Philadelphia (July 31, 2017) – CDI Corp. (NYSE: CDI) (“CDI”, or the “Company”), a leading
provider of engineering, information technology, and staffing solutions, today announced that it
has entered into a definitive agreement to be acquired by affiliates of AE Industrial Partners, LLC
(“AEI”), a private equity investor specializing in aerospace, power generation, and specialty
industrial companies. Pursuant to the agreement, AEI will acquire all of the outstanding shares
of the Company’s common stock for $8.25 per share in an all-cash tender offer and follow-on
merger. The agreement was unanimously approved by the Company’s Board of Directors
following a review of strategic alternatives that the Company announced in March 2017. In
addition, shareholders representing 26% of shares outstanding have entered into tender and
support agreements.

“After a review of strategic alternatives by our Board of Directors, we are pleased to reach this
agreement with AEI, which provides our shareholders with immediate liquidity and substantial
certainty of value. We further believe that this transaction presents a winning proposition for all
of our stakeholders,” said Michael S. Castleman, President, Interim CEO and Chief Financial
Officer of CDI. “AEI has a proven track record of partnering with company management, is a
strategic-minded and growth-oriented investor that has substantial experience in many of our core
end markets, and has a strong understanding of the Company’s capabilities and business model.
With AEI’s longer-term commitment, strategic vision, deep capital base, and relevant investing
and operating experience, we believe that CDI will strengthen its market position and its delivery
of value-added engineering, IT and staffing solutions.”
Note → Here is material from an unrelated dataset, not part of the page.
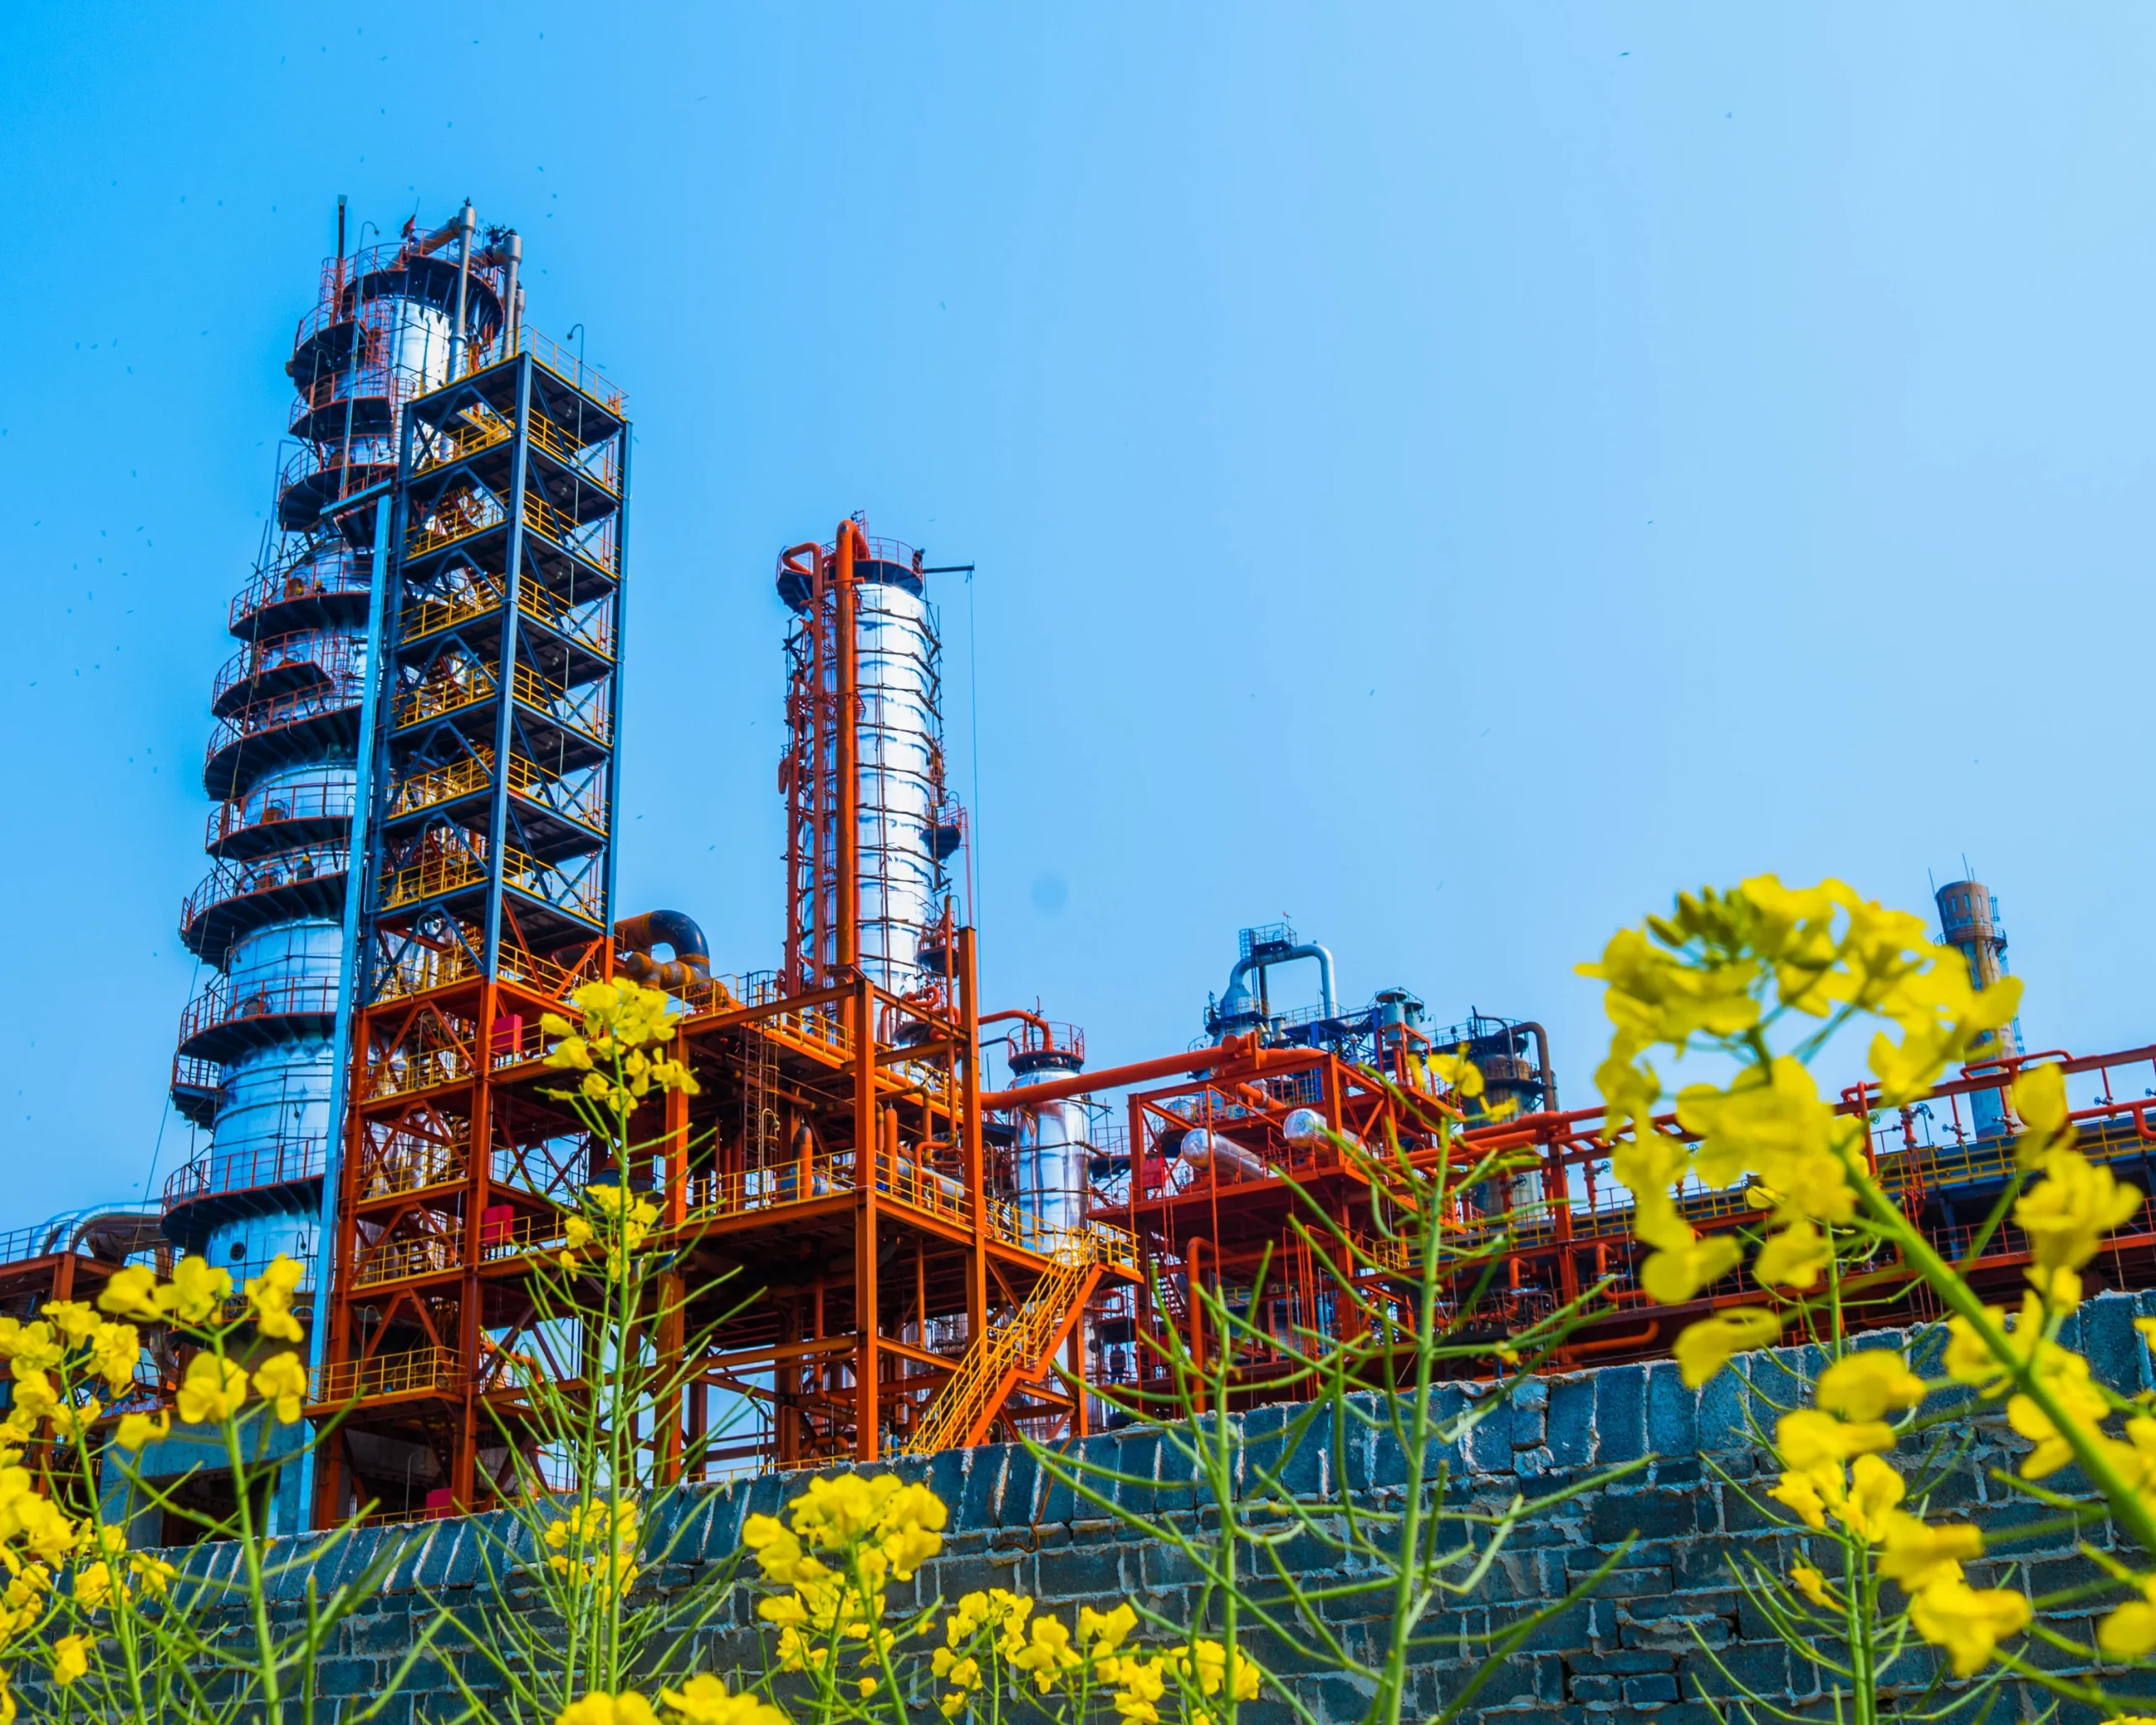 Vibrant refinery shines in sunlight amidst a picturesque field of blooming flowers, creating a striking contrast of nature and industry.

“We are excited to partner with CDI’s exceptional leadership team and market-leading brand,”
said Michael Greene, Managing Partner of AEI. “We believe that the Company’s capabilities and
reputation, combined with AEI’s deep operating expertise in engineering, IT solutions, and human
capital management, will allow the Company to expand and strengthen its relationships and its
value proposition to key customers. We look forward to working with the Company and
accelerating the growth of the business.”

Under the terms of the agreement, AEI will commence a tender offer to purchase any and all of
the outstanding shares of CDI’s common stock for $8.25 per share in cash. The purchase price
represents a 33% premium to the closing price of $6.20 on July 28th and a 36% premium to the
average closing price for the last 30 trading days of $6.06. Upon completion of the transaction,
CDI will become a privately held company.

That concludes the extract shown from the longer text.